Arly Alvarado, Discussion 9

Just by reading the title of Emily Dickinson’s poem, The Wife, I predicted that it will be from the perspective of a woman telling her readers how life has changed on her behalf after marriage. Dickinson’s states, “She rose to his requirement, dropped the playthings of her life. To take the honorable work of woman and of wife.” Within the first paragraph, the writer makes it clear that she has changed her ways to live up to his standards. Further throughout the poem, she mentions that “It lay unmentioned, as the sea develops pearl and weed.” She would repress her emotions and freewill to be the wife she believes she is supposed to be. This theme connects to Mrs. Mallard’s emotional state in “The Story of an Hour.” In the beginning of the story the news of her husband’s passing is broken to her. She is filled with grief, locking herself away in her room.

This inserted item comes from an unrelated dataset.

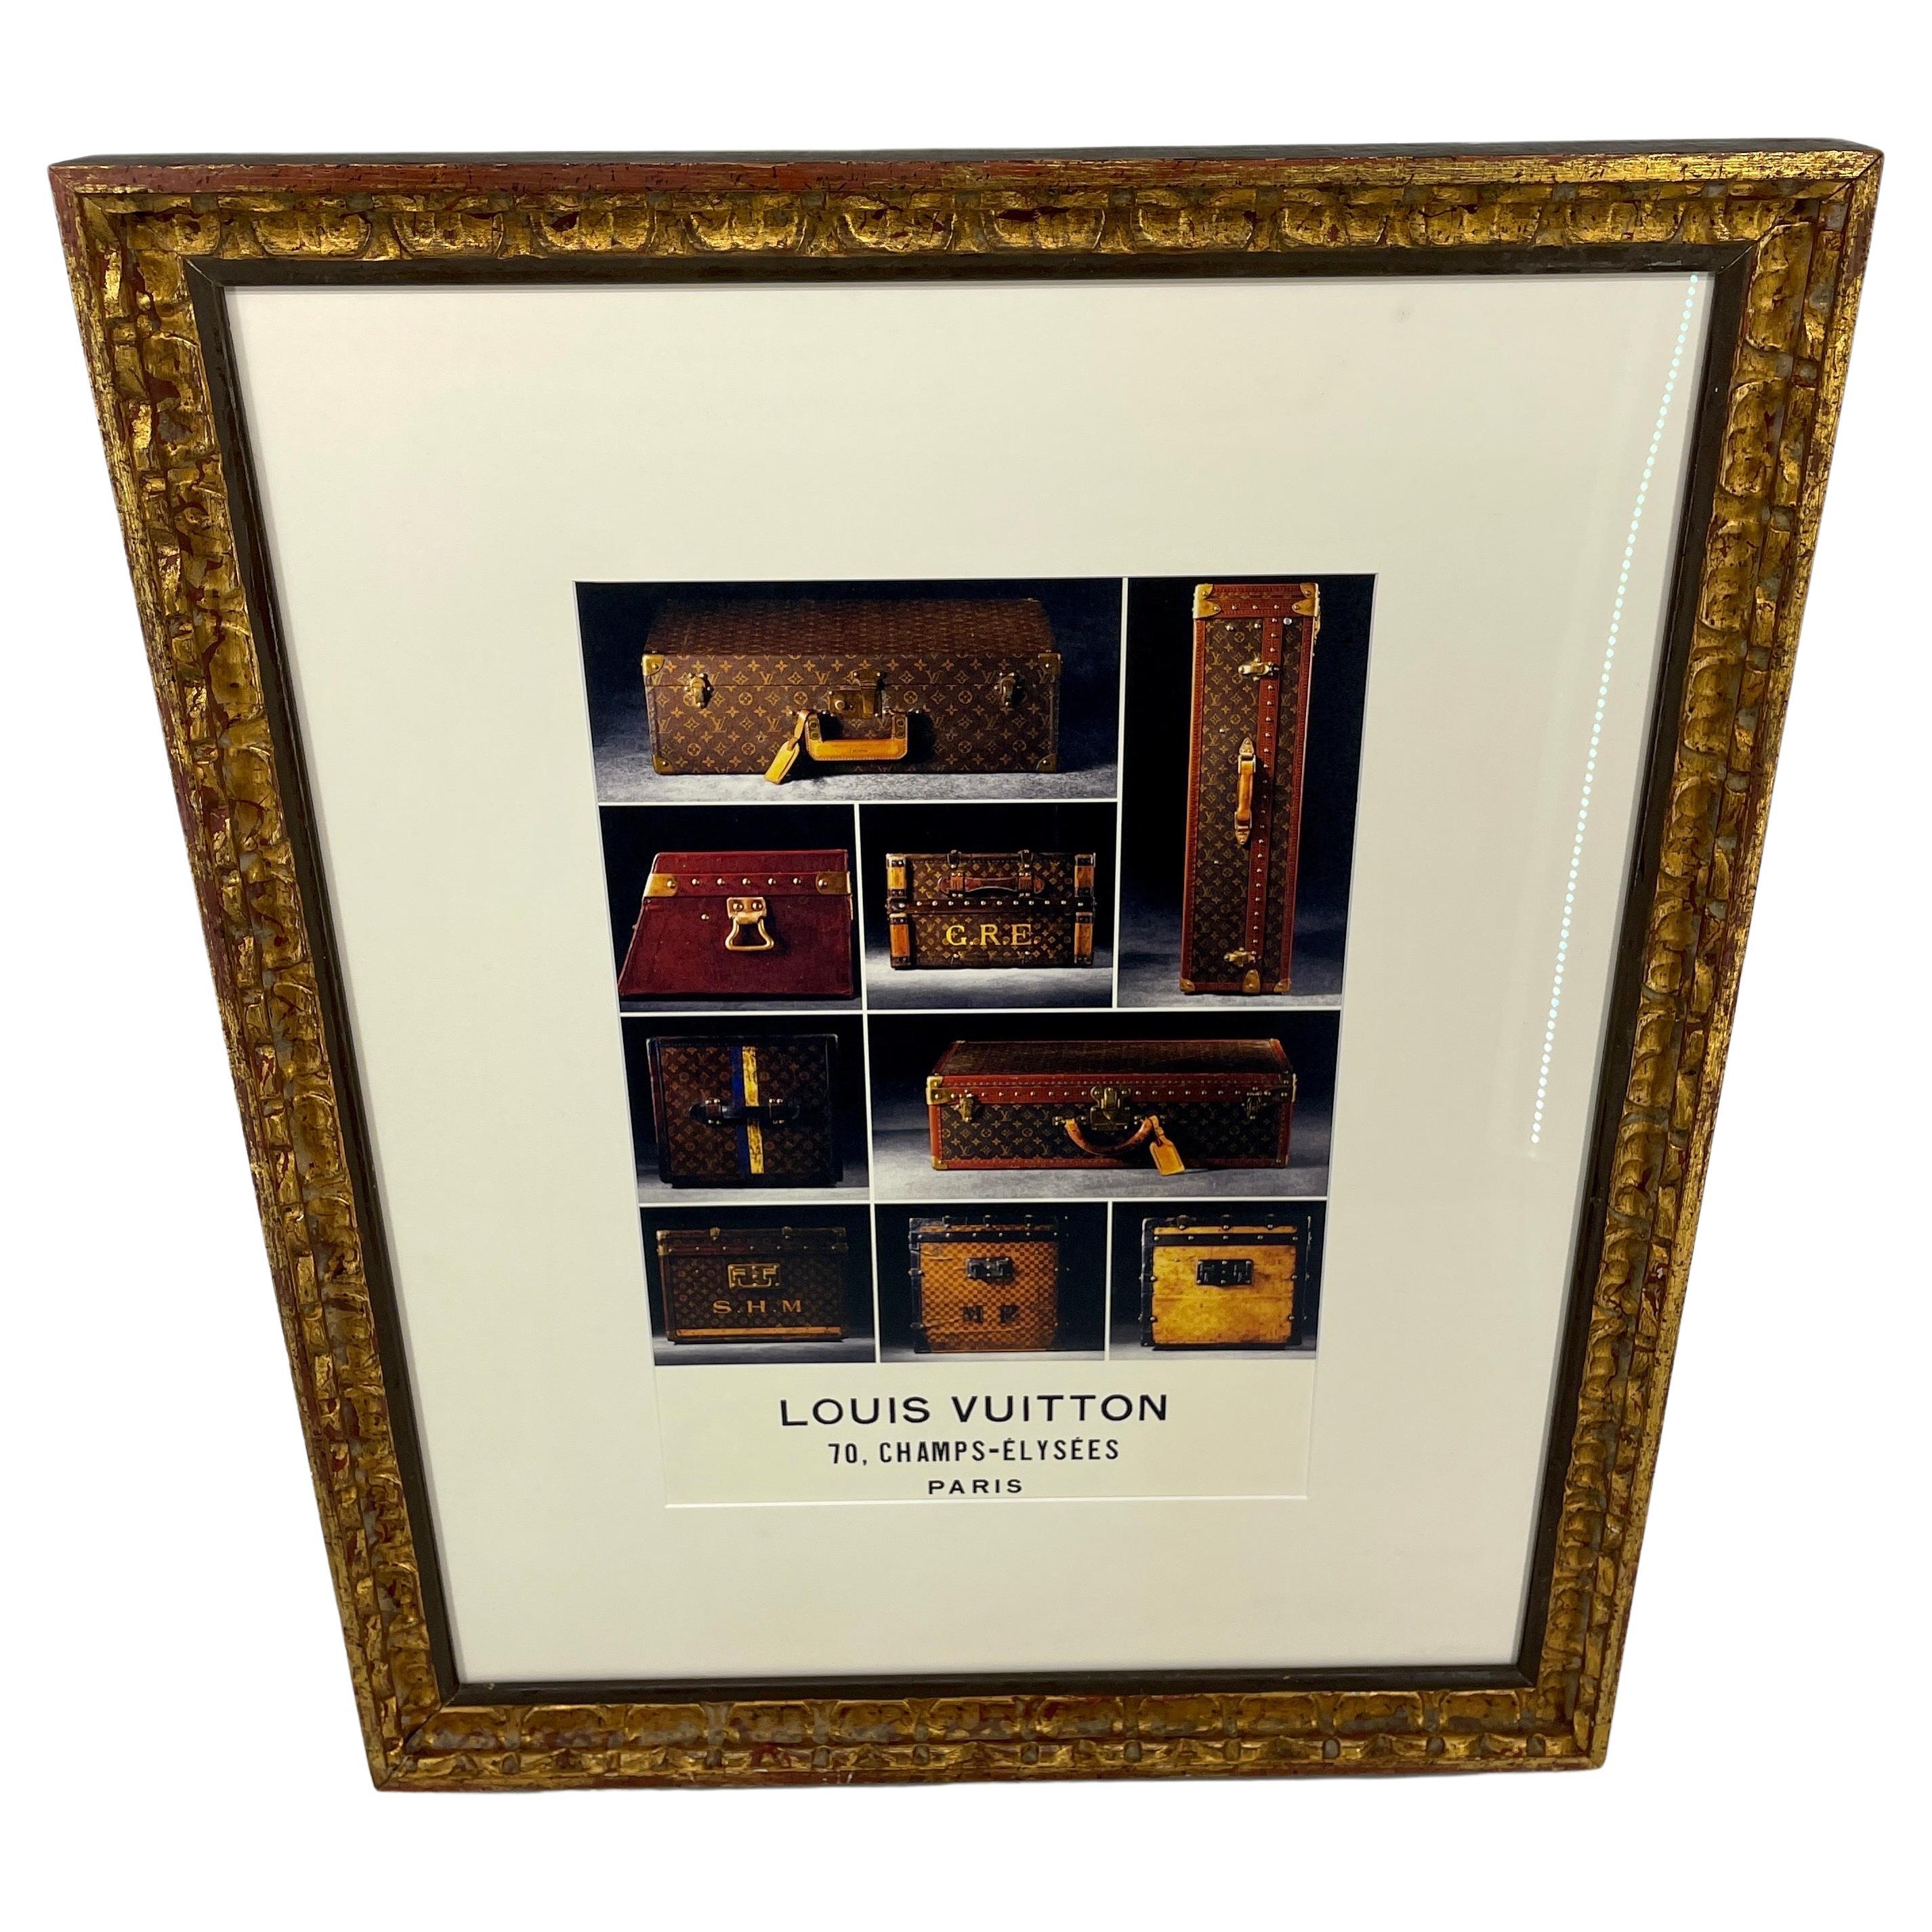 Art of Vintage Trunks and Suitcases in Vintage Gilt Frame, Louis Vuitton

Merveilleuse estampe Louis Vuitton de Paris, France, encadrée dans un cadre vintage en bois doré. Cette œuvre d'art unique, trouvée dans les rues de Paris, représente les

Though as shes processing reality as a widow, she sees beyond that- a free and independent woman. She was accustomed to living for someone other than herself. It seems to have filled her with excitement.”There would be no one to live for during those coming years; she would live for herself. There would be no powerful will bending hers in that blind persistence with which men and women believe they have a right to impose a private will upon a fellow-creature.” Shortly after, Mrs. Mallard passes away after the moment she evidently yearned for was taken from her when Mr. Mallard walked through the door.